_Records from a data source_.
########################################
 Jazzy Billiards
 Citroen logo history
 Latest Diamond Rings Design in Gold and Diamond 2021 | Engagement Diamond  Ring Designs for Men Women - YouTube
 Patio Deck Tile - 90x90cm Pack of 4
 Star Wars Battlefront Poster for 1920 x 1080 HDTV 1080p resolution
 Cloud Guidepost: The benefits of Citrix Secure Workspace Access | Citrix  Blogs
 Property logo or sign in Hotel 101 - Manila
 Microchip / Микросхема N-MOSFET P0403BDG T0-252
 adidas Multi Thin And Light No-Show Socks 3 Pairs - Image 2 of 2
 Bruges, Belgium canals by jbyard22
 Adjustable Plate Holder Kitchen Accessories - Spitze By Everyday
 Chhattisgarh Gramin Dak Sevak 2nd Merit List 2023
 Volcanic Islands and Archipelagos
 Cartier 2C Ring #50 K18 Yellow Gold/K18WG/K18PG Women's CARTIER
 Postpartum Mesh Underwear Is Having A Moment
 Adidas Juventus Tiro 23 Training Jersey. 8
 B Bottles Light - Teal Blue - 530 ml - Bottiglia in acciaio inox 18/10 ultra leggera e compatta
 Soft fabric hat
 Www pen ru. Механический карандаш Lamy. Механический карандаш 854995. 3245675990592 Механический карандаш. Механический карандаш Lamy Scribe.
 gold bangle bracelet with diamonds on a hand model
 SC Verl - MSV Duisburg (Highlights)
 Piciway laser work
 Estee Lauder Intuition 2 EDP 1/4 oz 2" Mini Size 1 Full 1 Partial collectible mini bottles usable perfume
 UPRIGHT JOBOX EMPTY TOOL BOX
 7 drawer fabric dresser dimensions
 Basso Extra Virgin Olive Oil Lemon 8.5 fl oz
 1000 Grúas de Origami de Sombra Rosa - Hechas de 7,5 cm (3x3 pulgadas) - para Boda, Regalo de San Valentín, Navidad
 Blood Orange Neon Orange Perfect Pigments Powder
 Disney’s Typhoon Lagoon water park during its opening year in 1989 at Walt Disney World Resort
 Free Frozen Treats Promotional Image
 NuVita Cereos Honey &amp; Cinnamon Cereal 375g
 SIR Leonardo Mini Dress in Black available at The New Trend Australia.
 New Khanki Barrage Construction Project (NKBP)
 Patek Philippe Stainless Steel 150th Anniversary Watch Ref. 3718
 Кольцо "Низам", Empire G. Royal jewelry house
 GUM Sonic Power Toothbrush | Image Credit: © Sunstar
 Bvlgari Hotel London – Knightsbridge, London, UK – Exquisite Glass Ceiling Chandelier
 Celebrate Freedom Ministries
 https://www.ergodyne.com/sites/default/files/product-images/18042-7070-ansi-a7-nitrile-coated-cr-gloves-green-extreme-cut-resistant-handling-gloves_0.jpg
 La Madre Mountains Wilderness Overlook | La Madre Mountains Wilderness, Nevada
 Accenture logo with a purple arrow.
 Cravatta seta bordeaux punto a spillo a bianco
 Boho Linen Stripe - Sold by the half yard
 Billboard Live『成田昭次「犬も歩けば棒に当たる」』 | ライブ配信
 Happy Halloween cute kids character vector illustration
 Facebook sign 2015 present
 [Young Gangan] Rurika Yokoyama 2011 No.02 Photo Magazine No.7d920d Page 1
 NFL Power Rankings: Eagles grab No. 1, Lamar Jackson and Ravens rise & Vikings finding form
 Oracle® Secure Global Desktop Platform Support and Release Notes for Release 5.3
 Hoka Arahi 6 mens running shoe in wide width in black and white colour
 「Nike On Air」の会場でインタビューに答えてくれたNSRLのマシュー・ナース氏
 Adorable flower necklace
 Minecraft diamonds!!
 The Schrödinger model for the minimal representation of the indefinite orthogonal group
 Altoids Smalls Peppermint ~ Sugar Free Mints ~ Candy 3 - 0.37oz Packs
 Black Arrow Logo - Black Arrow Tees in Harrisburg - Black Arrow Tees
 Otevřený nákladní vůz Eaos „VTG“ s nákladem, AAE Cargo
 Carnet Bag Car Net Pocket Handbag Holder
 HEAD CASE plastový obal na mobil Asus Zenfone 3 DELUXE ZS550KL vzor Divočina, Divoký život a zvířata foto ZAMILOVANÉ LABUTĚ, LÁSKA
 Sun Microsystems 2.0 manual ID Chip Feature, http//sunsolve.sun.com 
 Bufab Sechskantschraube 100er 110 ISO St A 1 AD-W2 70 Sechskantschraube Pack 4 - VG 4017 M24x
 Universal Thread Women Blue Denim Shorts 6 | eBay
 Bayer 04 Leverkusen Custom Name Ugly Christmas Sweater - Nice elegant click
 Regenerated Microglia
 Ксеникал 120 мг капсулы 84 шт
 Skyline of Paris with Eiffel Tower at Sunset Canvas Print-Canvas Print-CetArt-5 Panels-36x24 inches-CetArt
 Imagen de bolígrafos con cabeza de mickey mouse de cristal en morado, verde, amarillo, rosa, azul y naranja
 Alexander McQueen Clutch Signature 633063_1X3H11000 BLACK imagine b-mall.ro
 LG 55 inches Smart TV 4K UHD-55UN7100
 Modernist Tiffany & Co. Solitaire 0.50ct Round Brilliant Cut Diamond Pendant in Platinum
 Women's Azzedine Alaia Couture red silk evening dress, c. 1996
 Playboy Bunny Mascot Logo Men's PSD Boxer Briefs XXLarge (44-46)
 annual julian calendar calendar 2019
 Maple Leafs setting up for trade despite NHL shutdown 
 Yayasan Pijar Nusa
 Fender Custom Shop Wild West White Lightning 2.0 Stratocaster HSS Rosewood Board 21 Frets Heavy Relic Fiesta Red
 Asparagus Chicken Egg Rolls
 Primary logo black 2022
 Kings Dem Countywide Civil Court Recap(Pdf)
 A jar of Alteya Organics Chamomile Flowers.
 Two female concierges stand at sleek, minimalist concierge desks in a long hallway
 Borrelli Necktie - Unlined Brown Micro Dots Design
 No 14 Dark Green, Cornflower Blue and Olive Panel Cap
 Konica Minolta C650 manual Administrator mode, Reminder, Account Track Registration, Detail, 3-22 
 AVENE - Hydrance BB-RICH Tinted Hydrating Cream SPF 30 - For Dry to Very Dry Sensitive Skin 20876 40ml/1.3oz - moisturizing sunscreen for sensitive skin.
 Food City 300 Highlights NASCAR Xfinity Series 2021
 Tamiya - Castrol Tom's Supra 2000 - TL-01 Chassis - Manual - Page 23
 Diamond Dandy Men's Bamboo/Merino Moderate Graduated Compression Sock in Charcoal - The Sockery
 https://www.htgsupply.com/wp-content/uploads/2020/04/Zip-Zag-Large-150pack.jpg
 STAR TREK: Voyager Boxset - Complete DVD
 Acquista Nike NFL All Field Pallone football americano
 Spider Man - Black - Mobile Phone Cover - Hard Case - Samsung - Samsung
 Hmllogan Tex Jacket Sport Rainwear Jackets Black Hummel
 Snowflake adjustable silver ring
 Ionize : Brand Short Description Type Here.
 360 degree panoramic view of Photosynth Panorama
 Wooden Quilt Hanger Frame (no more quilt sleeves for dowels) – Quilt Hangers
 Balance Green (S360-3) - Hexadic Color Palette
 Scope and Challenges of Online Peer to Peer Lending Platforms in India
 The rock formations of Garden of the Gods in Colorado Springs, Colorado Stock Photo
########################################
_Assignment_.
From the entries above, print the lines beginning at the one with "Fender Custom Shop" and stopping after the one with "Ionize : Brand Short Description Type Here.", exactly as written and with nothing else.

_Written solution_.
 Fender Custom Shop Wild West White Lightning 2.0 Stratocaster HSS Rosewood Board 21 Frets Heavy Relic Fiesta Red
 Asparagus Chicken Egg Rolls
 Primary logo black 2022
 Kings Dem Countywide Civil Court Recap(Pdf)
 A jar of Alteya Organics Chamomile Flowers.
 Two female concierges stand at sleek, minimalist concierge desks in a long hallway
 Borrelli Necktie - Unlined Brown Micro Dots Design
 No 14 Dark Green, Cornflower Blue and Olive Panel Cap
 Konica Minolta C650 manual Administrator mode, Reminder, Account Track Registration, Detail, 3-22 
 AVENE - Hydrance BB-RICH Tinted Hydrating Cream SPF 30 - For Dry to Very Dry Sensitive Skin 20876 40ml/1.3oz - moisturizing sunscreen for sensitive skin.
 Food City 300 Highlights NASCAR Xfinity Series 2021
 Tamiya - Castrol Tom's Supra 2000 - TL-01 Chassis - Manual - Page 23
 Diamond Dandy Men's Bamboo/Merino Moderate Graduated Compression Sock in Charcoal - The Sockery
 https://www.htgsupply.com/wp-content/uploads/2020/04/Zip-Zag-Large-150pack.jpg
 STAR TREK: Voyager Boxset - Complete DVD
 Acquista Nike NFL All Field Pallone football americano
 Spider Man - Black - Mobile Phone Cover - Hard Case - Samsung - Samsung
 Hmllogan Tex Jacket Sport Rainwear Jackets Black Hummel
 Snowflake adjustable silver ring
 Ionize : Brand Short Description Type Here.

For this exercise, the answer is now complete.